= Visa policy of Equatorial Guinea =

Policy on permits required to enter Equatorial Guinea

All visitors to Equatorial Guinea must obtain an e-visa prior to arrival, unless they come from one of the visa exempt countries mentioned below.

==Visa exemption==
Citizens of the following countries can visit Equatorial Guinea without a visa:

- Barbados
- Tunisia (30 days)
- Turkey (90 days)
- United Arab Emirates (90 days)

CEMAC countries with national identity card or biometric passport:
- Cameroon
- Central African Republic
- Chad
- Republic of the Congo
- Gabon

_{1 – Does not apply to emergency passports.}

| Date of visa changes |
|---|
| 17 October 2017: CEMAC countries – Cameroon, Central African Republic, Chad, Congo, and Gabon; |

Citizens of other countries require a visa for all purposes including transit.

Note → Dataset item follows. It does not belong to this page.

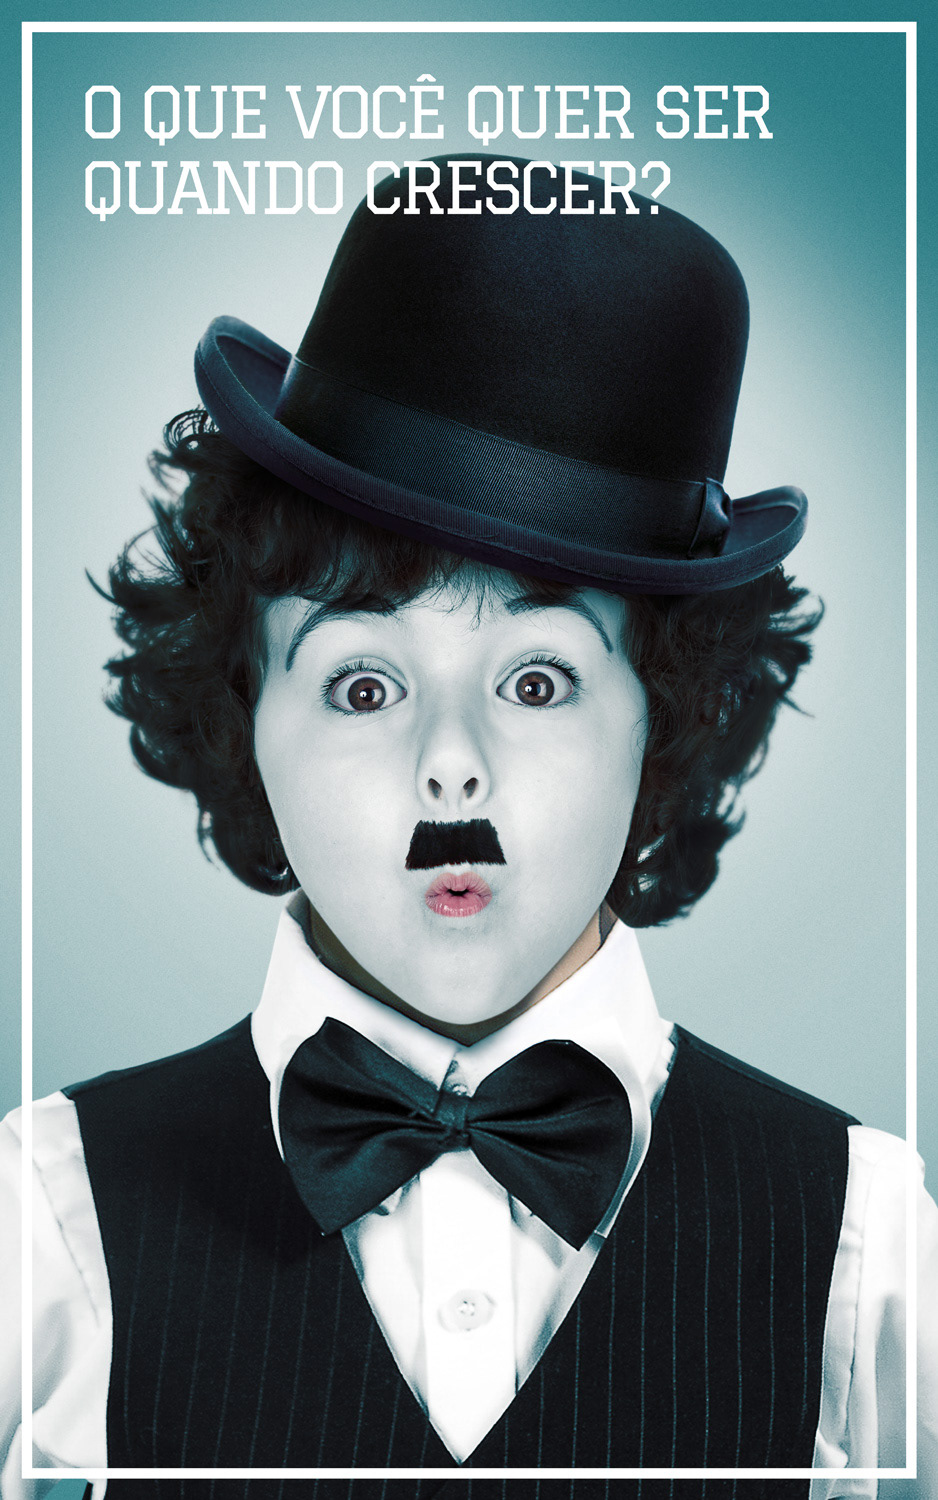 poster kiss Chaplin eistein child children blue cartaz group band song artist cover rock movie

Also, holders of diplomatic, official or service passports issued to nationals of Brazil, China, Cuba, Morocco, South Korea and United Arab Emirates do not require a visa for Equatorial Guinea for a maximum period of 90 days.

Visa exemption agreement for holders of diplomatic and service passports was signed with Indonesia in August 2019 and it is yet to come into force.

Serbia and Equatorial Guinea signed an agreement of abolishing visas for diplomatic and service passports on 10 February 2022.

==Electronic Visa (e-Visa)==
Equatorial Guinea introduced the e-Visa system from 1 July 2023.

e-Visa holders must arrive via Malabo International Airport. People of all nationalities can apply, and the processing fee is 75 USD.

Approval is normally received between 24 – 72 hours after the payment is completed.